Hello supeerstar,
1.) Let's look at a plot of the given line and a rectangle constructed as instructed:
View attachment 1525
We see the area of the rectangle is:
$$A(x,y)=xy$$
We also see that we require $$0\le x\le\frac{9}{2}$$.
Since $$y=3-\frac{2x}{3}$$ we may write:
$$A(x)=x\left(3-\frac{2x}{3} \right)=-\frac{2}{3}x^2+3x$$
Observing this is a parabola opening downwards, we know the maximum must occur on the axis of symmetry, given by:
$$x=-\frac{2}{2\left(-\frac{2}{3} \right)}=\frac{3}{2}$$
And so we find:
$$A_{\max}=A\left(\frac{3}{2} \right)=3$$
And so the maximum area of the rectangle is 3 square units.
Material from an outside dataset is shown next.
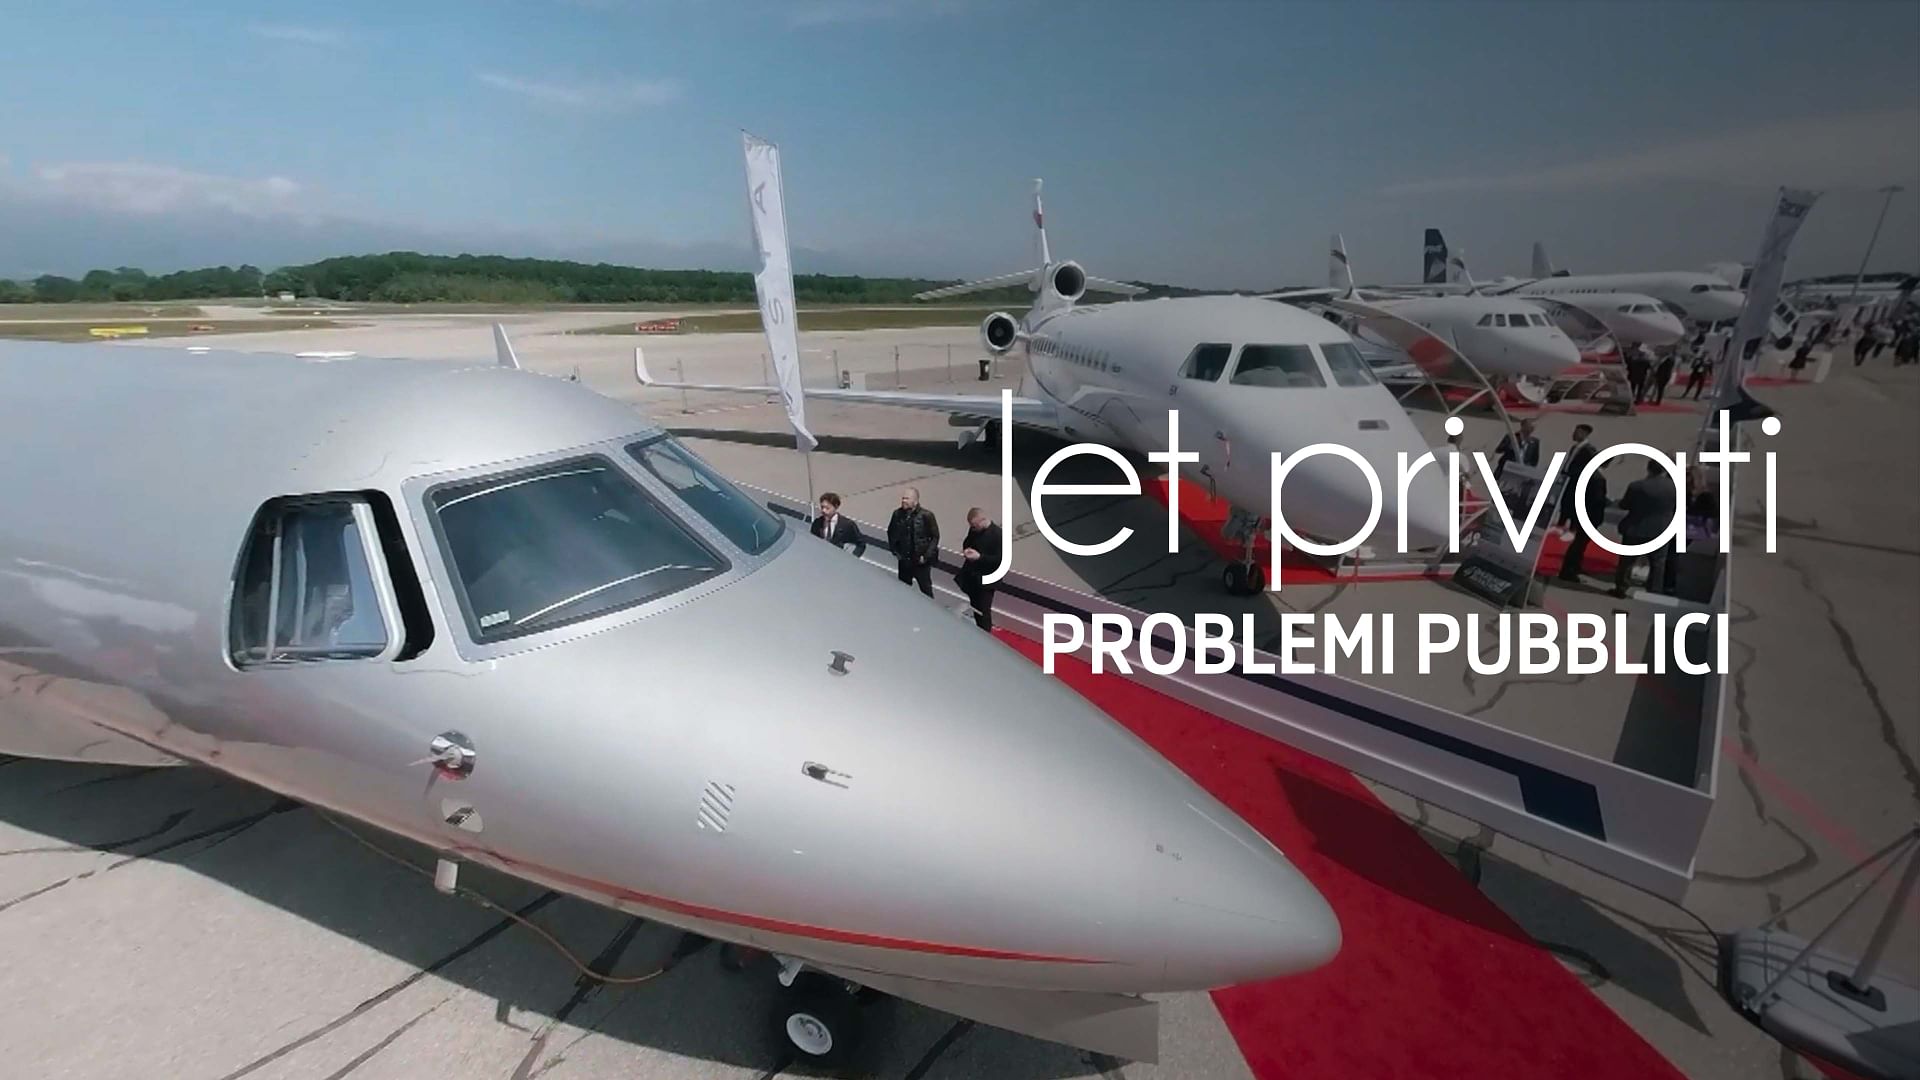 Jet privati, problemi pubblici

For problems 2.) and 3.), let:
$$f(x)=3x^2+7x-2$$
We find the axis of symmetry for the given quadratic is:
$$x=-\frac{7}{2(3)}=-\frac{7}{6}$$
Since this is a quadratic opening upwards, we know the global minimum is:
$$f_{\min}=f\left(-\frac{7}{6} \right)=-\frac{73}{12}$$
For any interval wholly to the right of the axis of symmetry, we know the maximum value of the function is at the right end-point. Hence:
2.) $$f_{\min}=-\frac{73}{12}$$
3.) $$f_{\max}=f(3)=46$$